Generali goes after Austrian pensions business
AUSTRIA - Hemma Massera, former head of actuarial and benefit consultant Greco, is joining Generali to head a new unit in Austria specialising in occupational pension products.
Generali is hoping to triple its income from occupational pension sales over the next years from currently €50.5m, as a result of this restructuring.
The firm's income from this part of the business grew 26% in 2007, which means it has now doubled since 2001.
Generali officials say they see huge potential for occupational pensions, mainly in the field of small and medium enterprises (SMEs).
"Austria is a developing country when it comes to occupational pensions," explained Peter Thirring, head of personal insurance at Generali.
"Approximately only 4% of pension income in Austria comes from occupational pensions, compared to one-third in countries with a longer tradition in this field," he said.
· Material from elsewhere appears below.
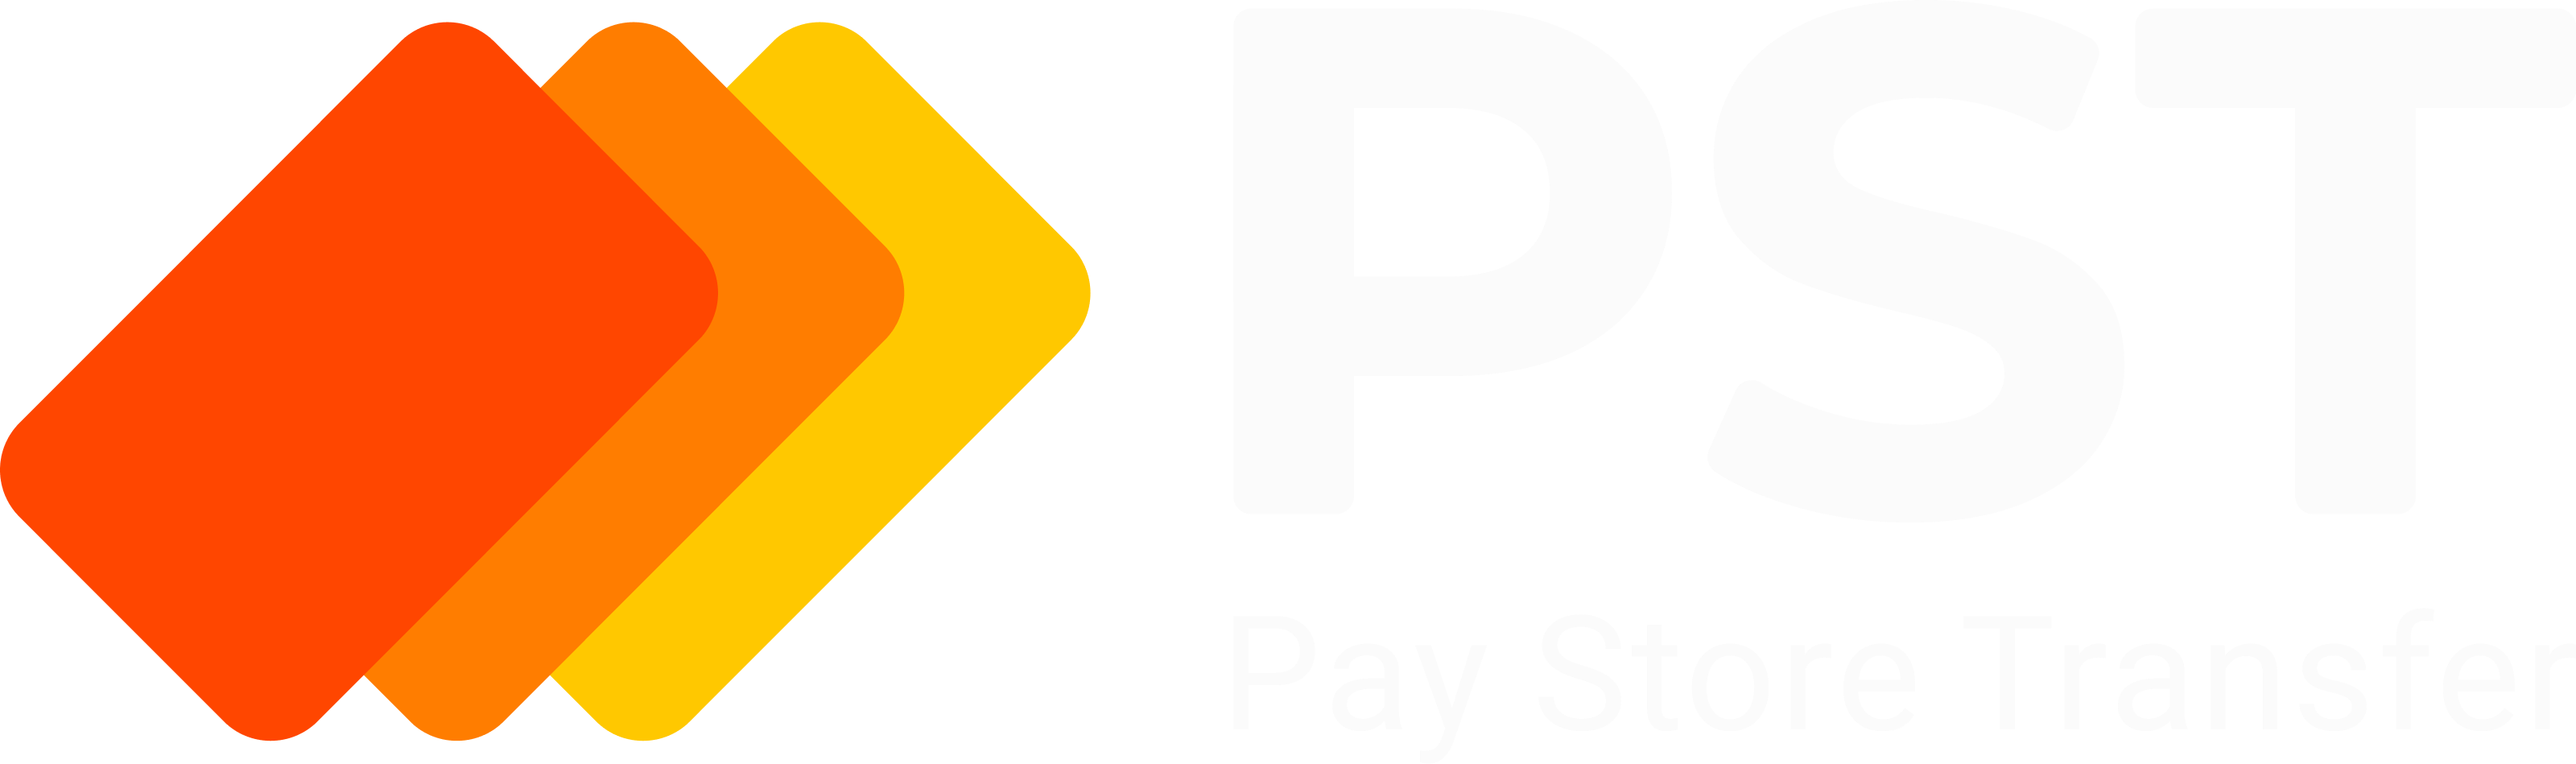 PSTNET - Company logo

Only 12% of SMEs offer pensions for their employees, so Thirring suggested the main problem was a lack of information and incentives to offer retirement provision.
As a first step, he has urged politicians to raise the tax-free pension contribution threshold from €300 - where it has been for the last 26 years - to at least €800.
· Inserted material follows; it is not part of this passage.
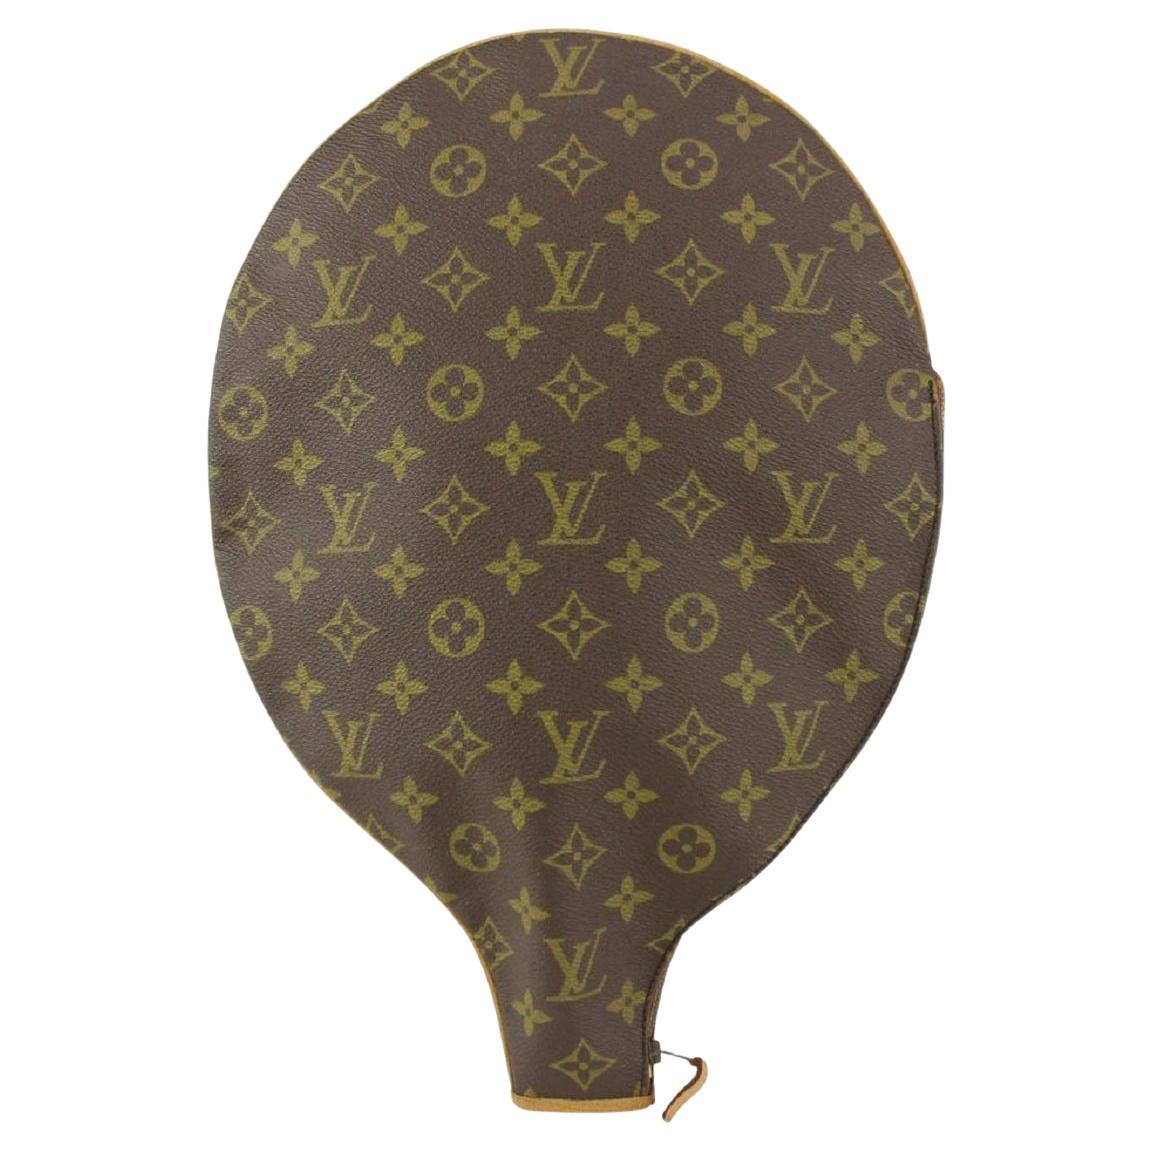 Louis Vuitton Monogram Racquet Cover Tennis Squash Racket 195lvs713

Furthermore, he believes there is a need for greater flexibility in the ability to change from a Pensionskasse to an insurance based occupational pension solution, the so-called "betriebliche Kollektivversicherung".
Similar demands were made by Generali's competitor Allianz earlier this month. (See earlier IPE story: Market turbulence harms pensions insurance market)
Alongside pensions insurance products, Generali will also offer advice on Pensionskassen and severance pay funds ("Mitarbeitervorsorgekassen", MVK), as the Bonus MVK is part of the Generali group.
Massera, who will head the new unit, worked in the field of Pensionskassen at various companies before joining Greco in 1993.
Generali will initially target its existing clients with the new pension advice and retirement products, as only 8,000 of the insurance's 100,000 business clients are offering occupational pensions.
According to a recent Generali poll, 40% of Austrians would prefer to have salary raises paid into a pension fund, rather than handed out in cash.